The theory behind this evolutionary conservation stems from the belief that some common ancestor of worms, flies, and vertebrates had a single primordial homeotic selector gene, an ancestral Hox complex, that went through repeated duplication to form a series of tandem genes. In Drosophila, this ancestral Hox complex split into two separate complexes: Antennapedia and Bithorax. In mammals, the whole complex repeatedly duplicated resulting in four Hox complexes. This theory has some faults, including that some individual genes have been duplicated while others have been lost.

==Arthropod Diversity==
Changes in homeotic gene expression contributes to the diversity. The Drosophila genome holds its eight homeotic genes in two complexes. The Invertebrate genome contains 8-10 of is homeotic genes in only one complex, while Vertebrates have duplicated the Hox complex and have four clusters. Changes in the expression and functionality of individual genes result in various morphology as seen in arthropods. The diversity found between the five groups of arthropods is a result of their modular architecture. The arthropods are composed of a series of repeating body segments that can be modified in a limitless number of ways. While some segments may carry antenna, others can be modified to carry wings. Crustaceans have different morphology within the group due to different patterns of Ubx expression in isopods and brachiopods. Similar to brachiopods, isopods have swimming limbs on the second through eighth thoracic segments, however the limbs on the first thoracic segment are smaller than the others, and are used as feeding limbs. The different pattern of Ubx expression correlates with these modifications, possibly a result of an acquired mutation that allows the Ubx enhancers to no longer mediate expression in the first thoracic segment.

==Src Expression==

Brachiopods: Src expression is limited to the head region in brachipods and helps in the development of feeding appendages. Ubx is expressed in the thorax where it controls the development of swimming limbs.

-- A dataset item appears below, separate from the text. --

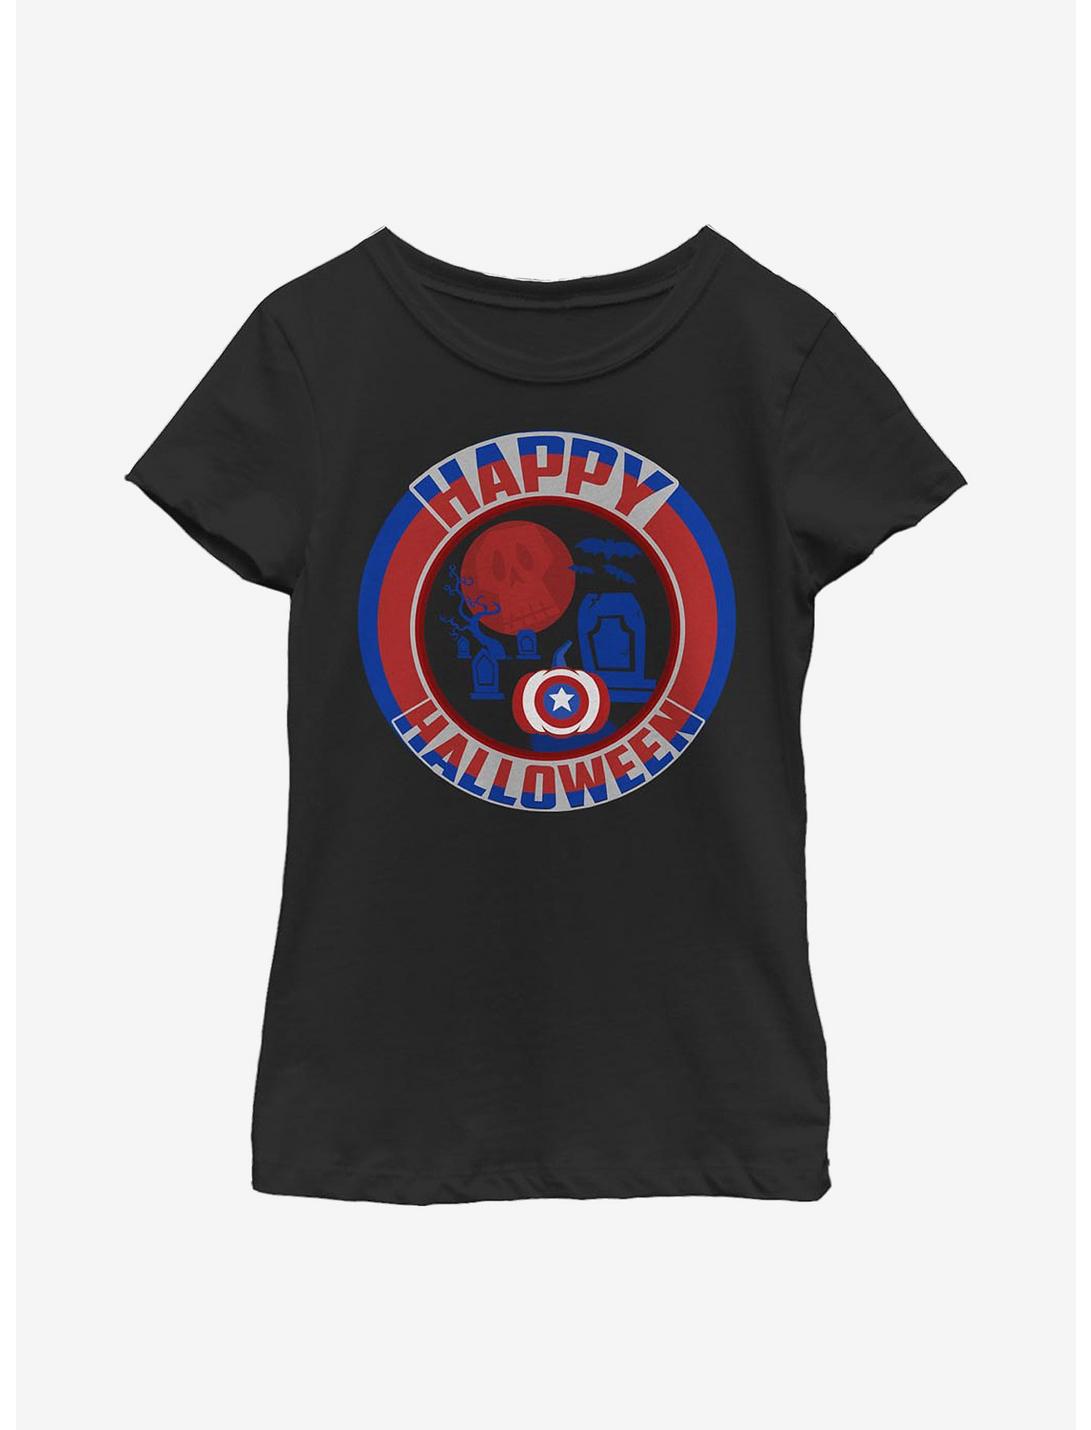 Marvel Captain America Cappy Halloween Youth Girls T-Shirt, BLACK, hi-res

Isopods: Src expression is detected in both the head and the first thoracic segment (T1) in isopods and as a result, the swimming limb in T1 is transformed into a feeding appendage (the maxillipped). The posterior expansion of Src is possible by the loss of Ubx expression in T1 because Ubx normally represses Src expression.

==Dll Expression==
Every insect has six legs, one pair found on each of the three thoracic segments while other arthropods have a variable number of limbs. This change in morphology is due to functional changes in the Ubx regulatory protein. Ubx and abd-A repress the expression of Distal-less, Dll, a gene responsible for the development of limbs. In the Drosophila embryo, Ubx is expressed at high levels in the metathorax and anterior abdominal segments; abd-A is expressed in the posterior abdominal segments. In combination, these two genes do not allow Dll to function in the first seven abdominal segments. However, Ubx is expressed in the metathorax and does not interfere with the Dll expression because Dll is activated before Ubx is expressed.

In crustaceans, there are high levels of both Ubx and DII in all 11 thoracic segments. The expression of DII promotes the development of swimming limbs. The Ubx protein does not repress DII in crustaceans because Ubx is functionally different in insects and crustaceans.